Dans les premiers temps, l’allemand m’apparaît comme une langue barbare, dure et rêche. La professeure ne parle pas l’hébreu, ni l’anglais. Elle déclame à longueur de journée son cours sans un sourcillement, dans un langage qui nous laisse tous perplexes. De temps en temps, elle reprend un mot et l’illustre avec des images dignes de Mathusalem. Et j’imagine d’autres petits êtres revêches avant elle parcourant la terre avec ces mêmes images, répandant culture et civilisation au sein de pauvres tribus malheureuses pour la gloire d’une Europe pourrie. Moi qui était médecin, me voilà relégué au rang des ignorants naïfs. Moi qui voulais construire une société meilleure, me voici le boulet qui la retient dans le passé.

Les cloches sonnent dans l’air frais du matin.
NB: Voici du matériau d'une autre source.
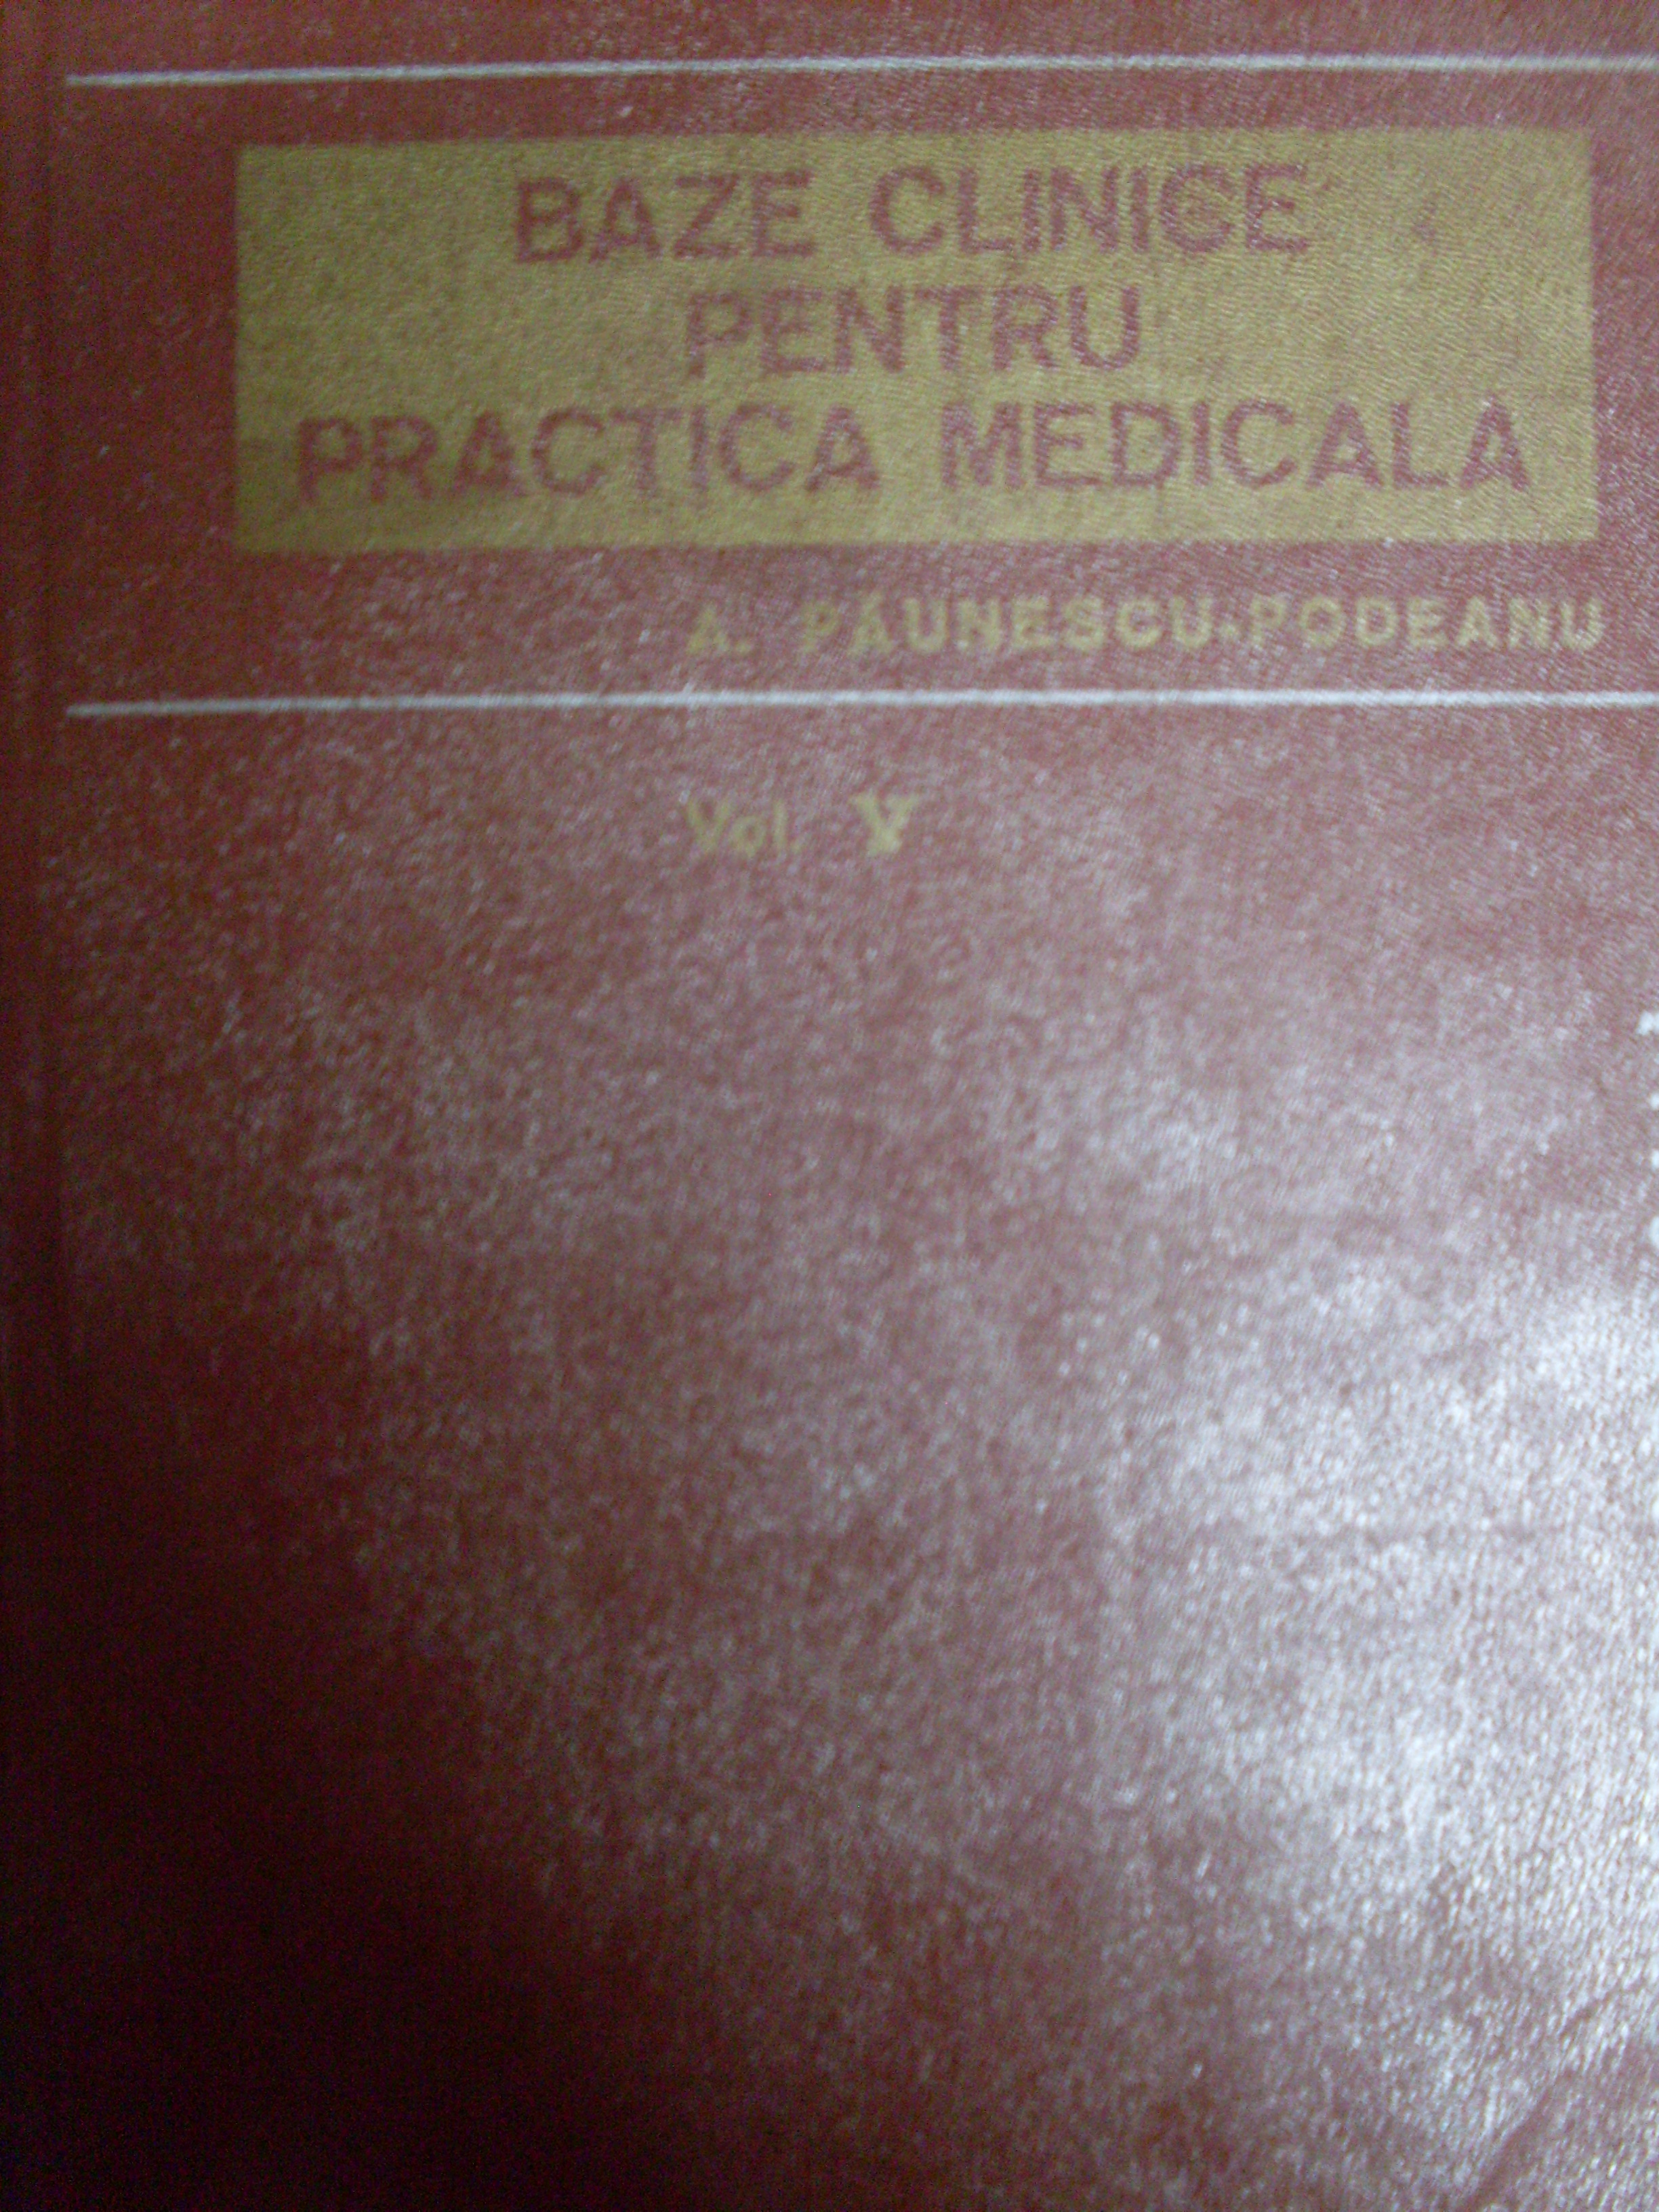 bazele clinice pentru practica medicala vol. 5                                                       a. paunescu-podeanu

Les lourdes portes de chêne s’ouvrent sur des vitraux ensoleillés. Tout cela me semble irréel. Après toute la souffrance endurée ce présent me semble illégitime. L’orgue joue une musique qui se veut joyeuse, les visages solennels me dévisagent. C’est le jour où ma vie renaît, et pourtant je ne me sens pas à mon aise. Avec mon costume trop propre, le pasteur trop religieux, les invités trop curieux, je me sens comme une bête sauvage dans un zoo. Venez voir l’indigène qui a osé apprivoiser la belle ! Tout me crie de fuir. Mais je reste. Pour elle. Elle m’a sauvé, rendu le sourire, rendu la foi en la vie. Cette étoile tombée du ciel est tout ce qui me rattache à ce monde absurde. Nous échangeons nos vœux. L’alliance glisse à mon doigt. Nous voilà marié « bis uns der Tod trennt ». Sur les visages fermés, je devine qu’on me souhaite que cette séparation arrive prochainement. J’entends les murmures susurrés dans mon dos, s’accrocher à mon esprit pour ne plus jamais le quitter. Les plus positifs parlent de « kultureller Umtausch », mais la vérité est tout autre. Ce n’est pas du partage culturel, mais de l’assimilation culturelle que l’on attend de nous. Car la différence ne peut jamais être totalement acceptée. Et soudain, je réalise que mes enfants subiront la haine. Ils connaîtront la peur d’être rejetés, la honte d’être un secundo. La guerre n’en finit pas de briser les hommes. Alors je hurle ma rage au monde. Je peins pour ma famille perdue. Je peins pour mes amis enterrés. Je peins pour tous les rebuts de la société. Je peins pour tous les espoirs tués en plein vol. Je peins par ma vie brisée. Je peins pour la vie.

Je suis vivant, bien vivant. Il en faudra plus pour me faire taire.